Hangyeol tertawa, seperkian detik tadi ia tahu Sehun tengah mengutuknya. “Merusak pagimu yang sempurna ya? Dengan bunga dan telpon dari pacarmu?”

“Tidak— tapi kalau hyung merasa seperti itu tidak apa-apa.”

“Aku tidak mengerti kenapa adikku bisa menyukaimu tapi sudahlah, aku mau beli mawar putih untuk model lukisanku.” Hangyeol segera mengitari rak-rak yang terisi banyak pot sementara Sehun yang hampir tidak tahu apapun tentang bunga selain biji bunga Matahari bisa dibuat menjadi kuwaci memilih izin masuk tokonya mencari ibunya.

Setelah menentukan bunga pilihannya, Hangyeol meminta seikat bunga itu dirangkai, mata Sehun yang sejak tadi setengah terbuka karena mengantuk segera membelalak lebar saat menyadari tangan ibunya sedang memegang lukisan yang hanya terdiri dari garis lurus dan garis agak miring yang dibuatnya asal saat dipindah paksa ke kelas seni oleh Guru Shin.

“Ke-kenapa lukisanku bisa ada di ibu?”

“Oh— Gurumu baru saja membawanya untuk kita, katanya ruang seni sudah terlalu penuh.” Ibu Oh menjawab dalam senyum untuk pelanggannya yang biasa, Sehun tahu tinggal tunggu Hangyeol pulang sampai ia mendapat cacian soal lukisannya, rasanya ingin mengatakan itu lukisan abstrak tapi mengetahui ada seniman sejati di depannya tentu saja abstrak menurut Sehun adalah ngasal bagi Hangyeol.

Setelah Kim Hangyeol tampak puas sekali dengan rangkaian mawar putihnya ia menatap Sehun, kali ini tersenyum, senyum yang mirip Nana.

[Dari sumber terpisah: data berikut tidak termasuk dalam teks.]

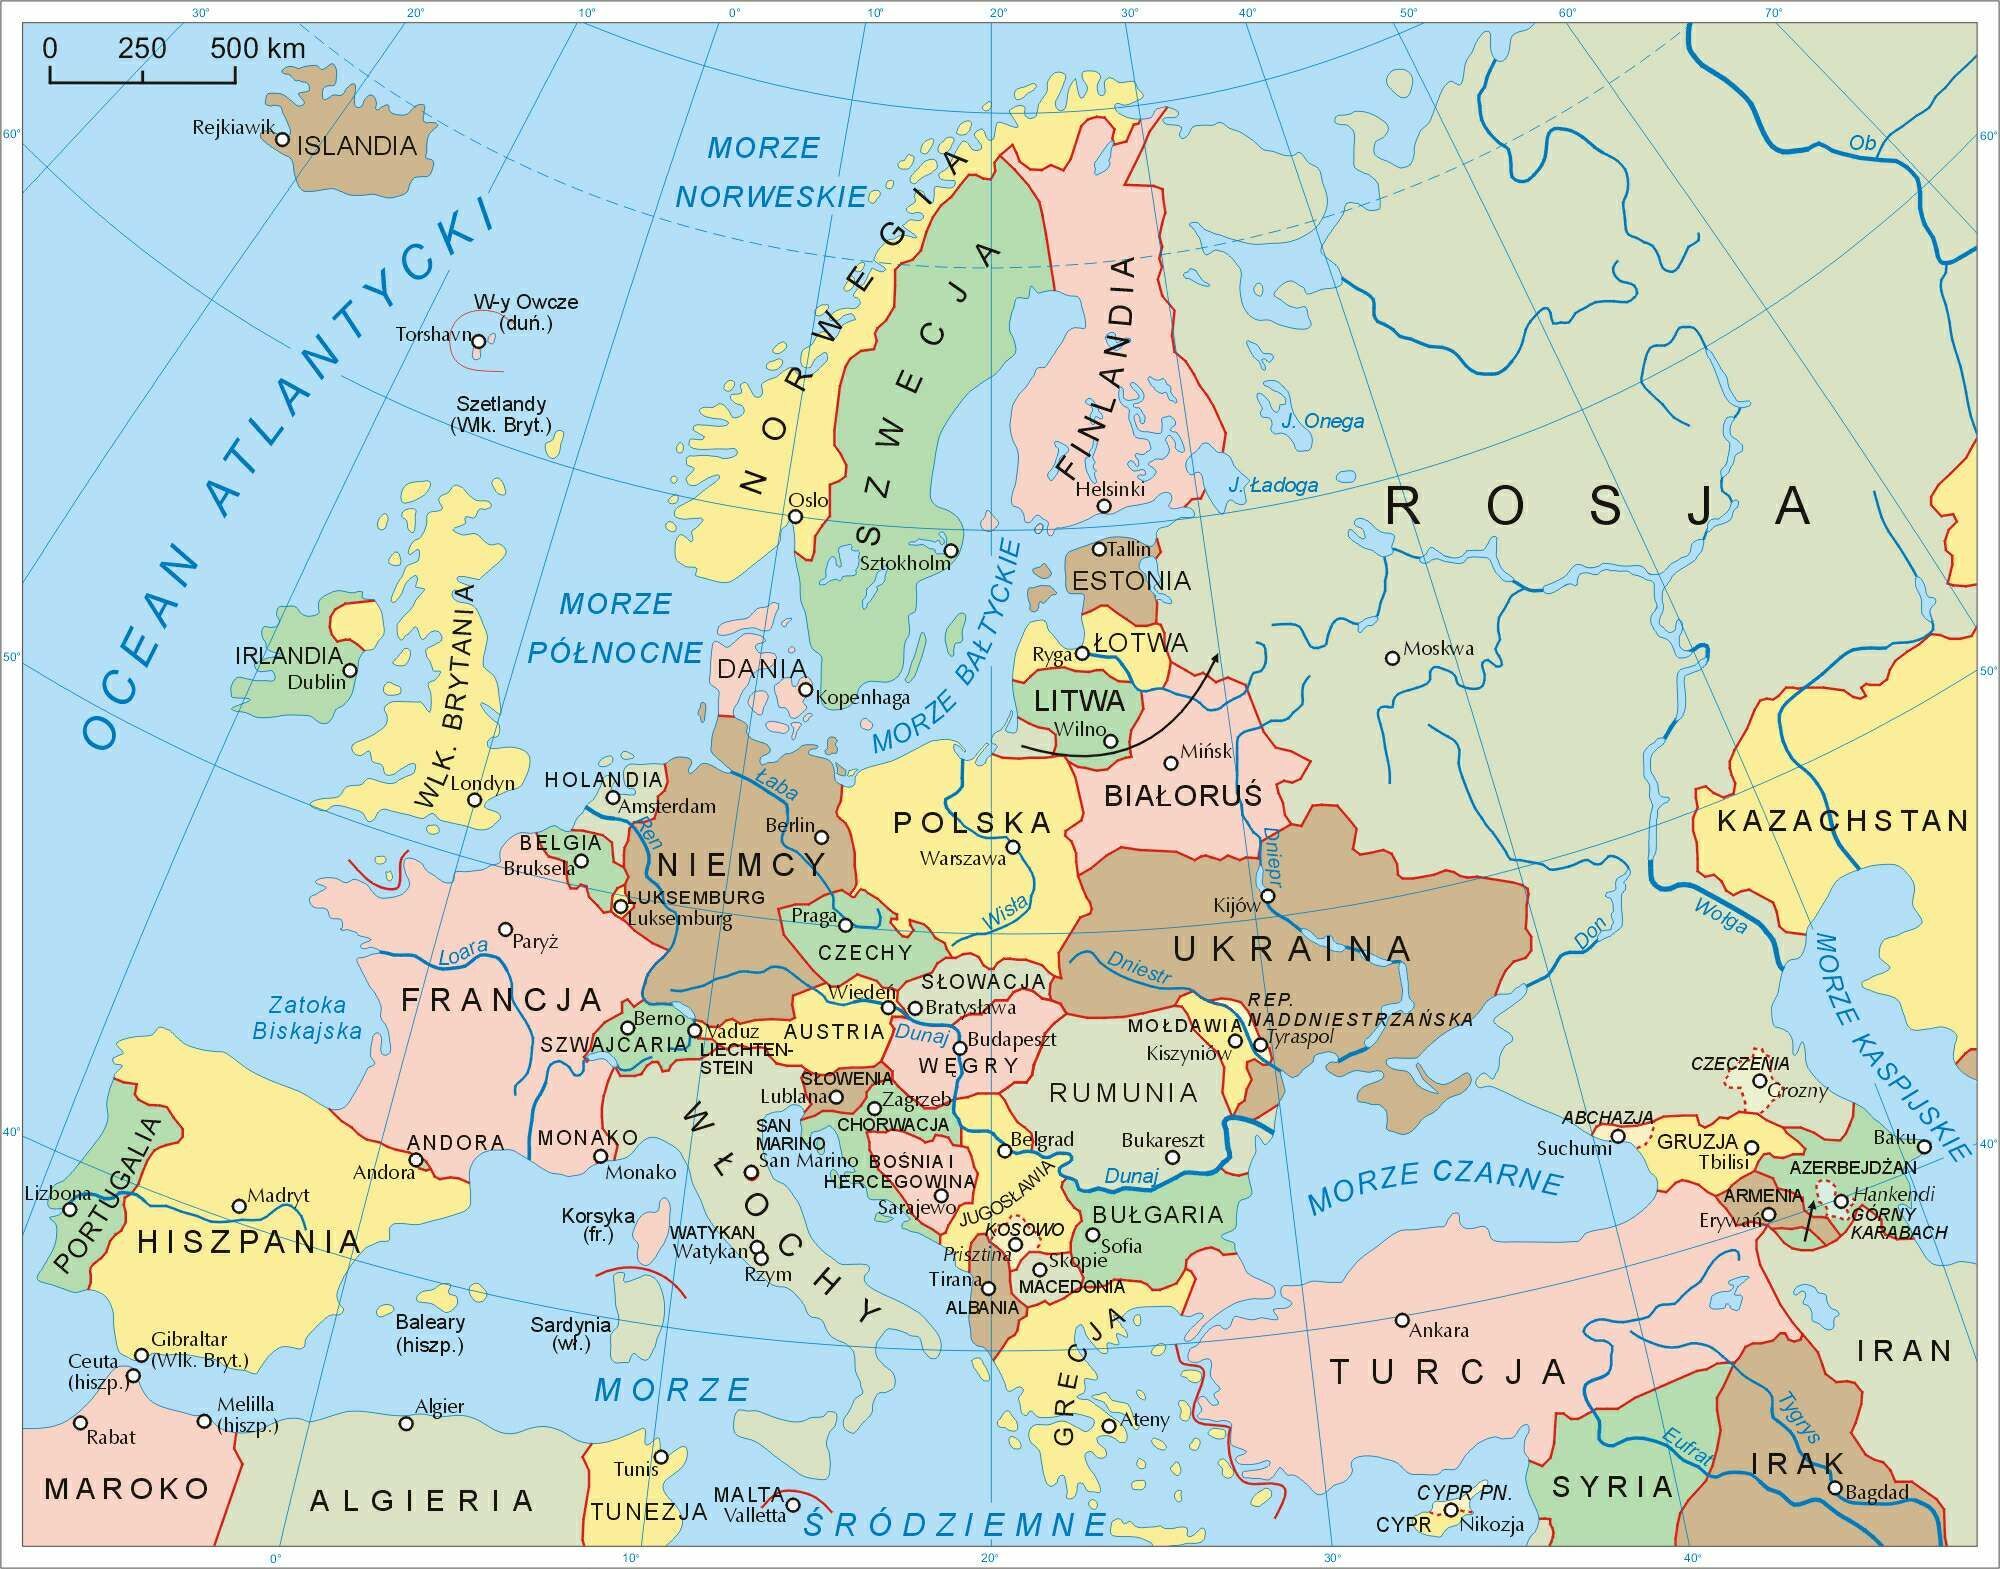 mapa-polityczna-europy-2k-plays-quizizz

“Aku masih tidak mengerti kenapa Nana menyukaimu, tapi aku juga tidak mencoba untuk mengerti sih hahaha. Yah tapi, aku titip ini, punya Kai, tadi aku ke apartemennya tapi dia sedang pergi.”

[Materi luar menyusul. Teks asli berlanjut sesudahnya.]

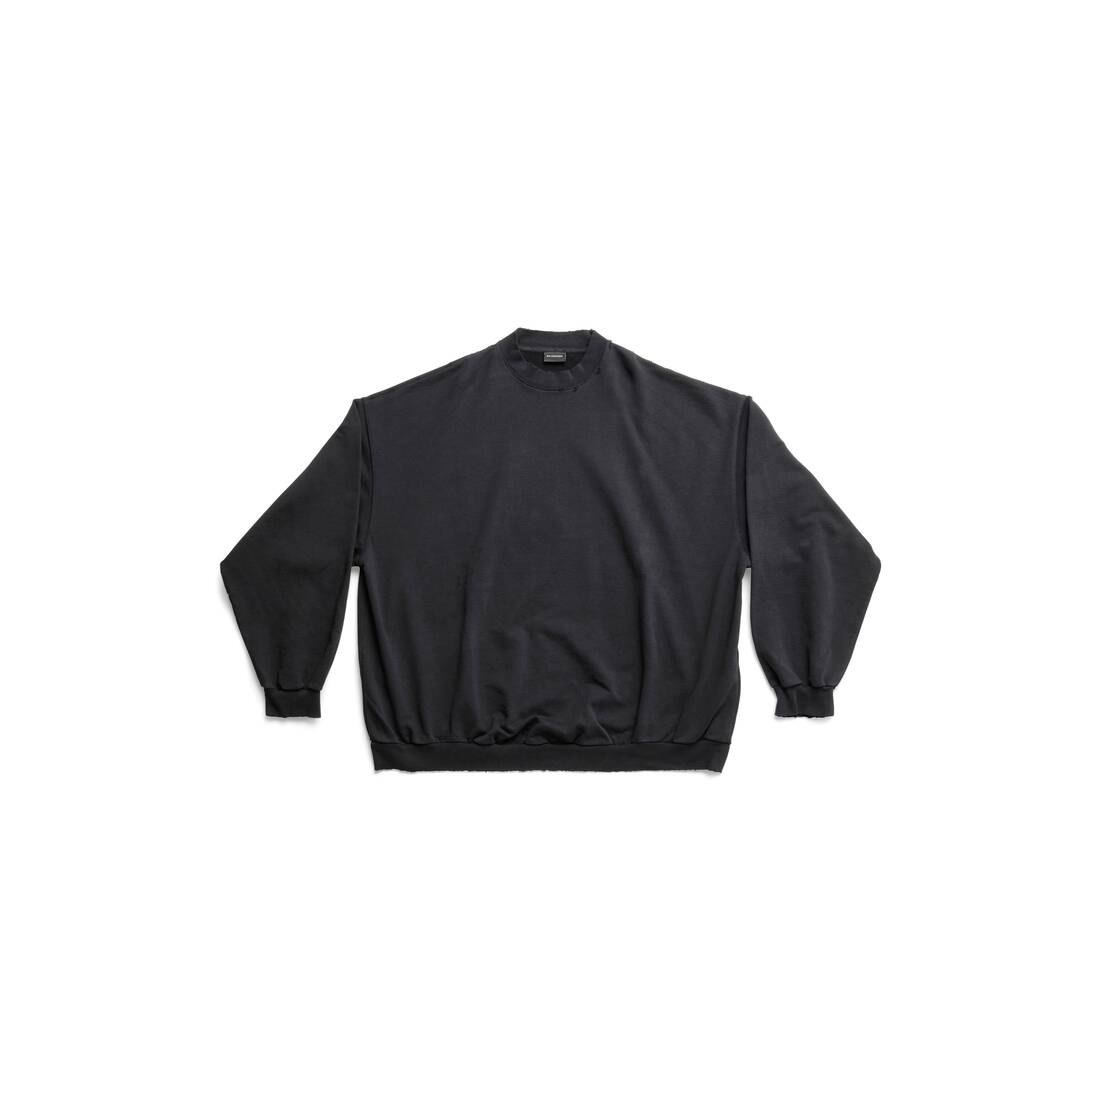 Balenciaga Sweatshirt Oversized in Black Faded | Balenciaga US

“Oh baiklah—“ Dengan agak ragu Sehun menerima kantong plastik besar yang berisi gulungan kertas yang benar-benar besar karena Kai memang suka menggambar. “Tapi kenapa tidak ditinggal di depan pintu saja? Atau dititip—“

“Aku ingin kau melihatnya. Nah baiklah, sampai jumpa, semoga libur musim panasmu menyenangkan.” Hangyeol sudah berjalan pergi, senyum ala Nana nya sudah menghilang dan ia segera menjadi Hangyeol biasa yang tak bisa ditebak.

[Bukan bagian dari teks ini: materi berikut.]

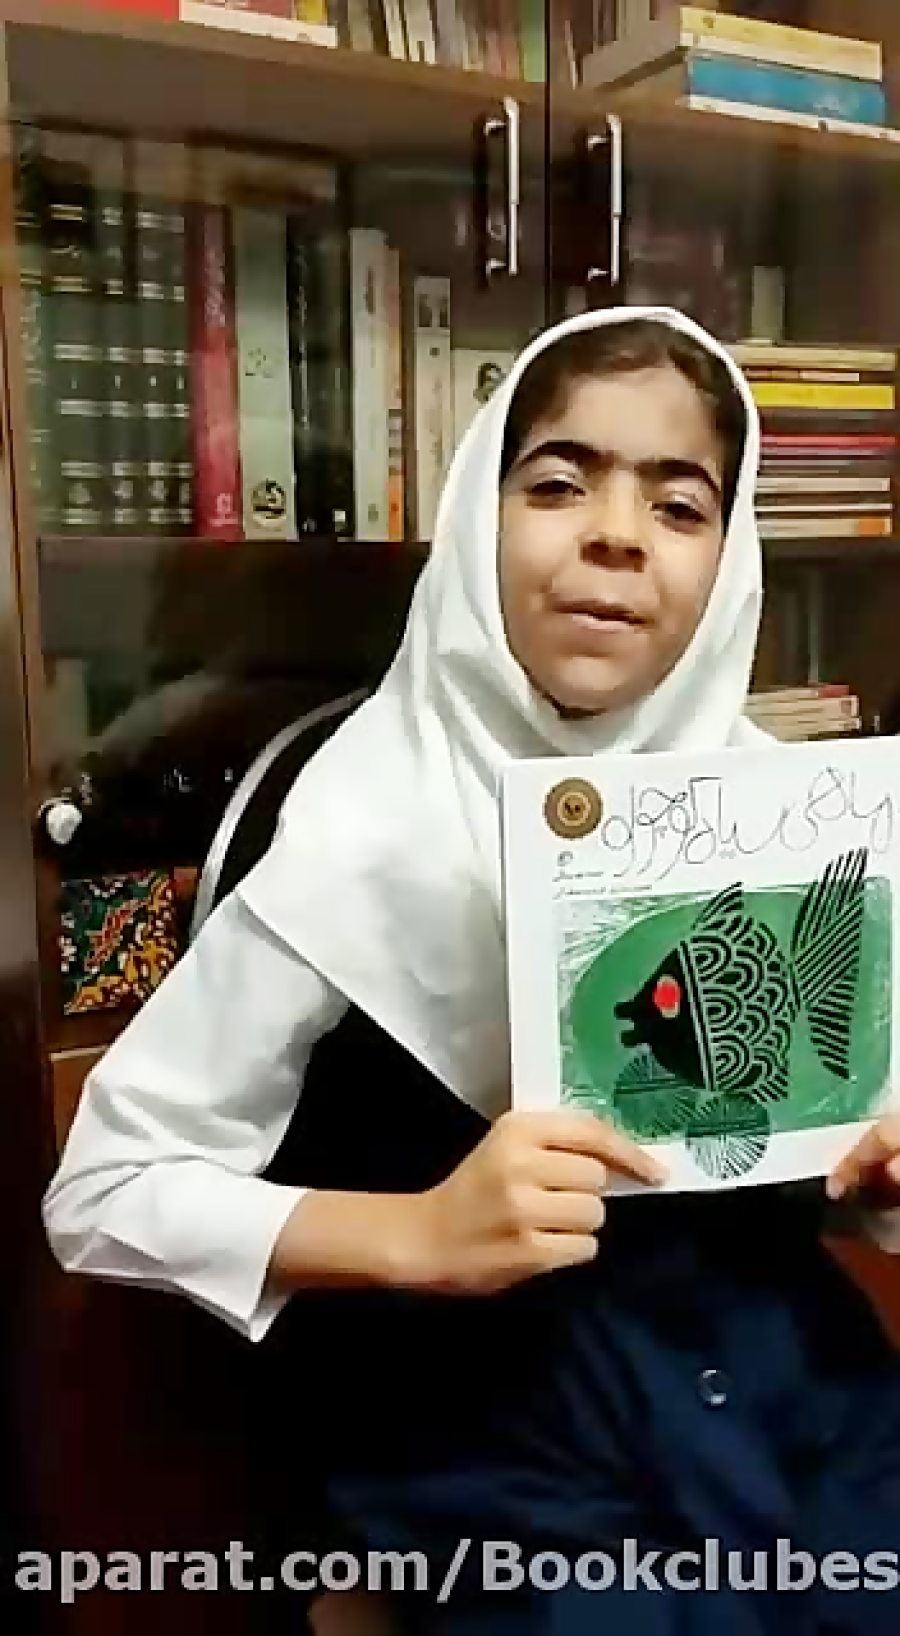 معرفی کتاب ماهی سیاه کوچولو توسط ثنا پاشایی از باشگاه کتابخوانی طنین پویش فکر زمان37ثانیه

Ibu Oh yang sudah ingin mengkritik betapa memalukannya lukisan anaknya itu segera terdiam ketika Sehun di depannya hanya mematung menatap kertas yang dipegangnya.

Kai memang suka menggambar. Sehun tahu itu, gambarnya tidak terlalu bagus tapi ia memang suka menggambar. Seluruh buku pelajarannya diberi ilustrasi yang hanya Kim Jongin saja yang mengerti sisi artistiknya. Menurut Sehun sebagai teman yang mengamati perkembangan karya seni Kai, gambarnya yang paling realistis adalah gambar guru Shin yang sedang marah karena seluruh muridnya mendapat nilai di bawah empat, botak yang dibuat Kai sempurna, kedua pipinya yang merah sama persis dengan yang asli, bahkan bulu hidung yang keluar pun tidak terlupakan oleh Kai.

Sekali lagi, ia tahu Kai suka menggambar, tapi sedikitpun, Sehun tidak tahu Kai suka Nana.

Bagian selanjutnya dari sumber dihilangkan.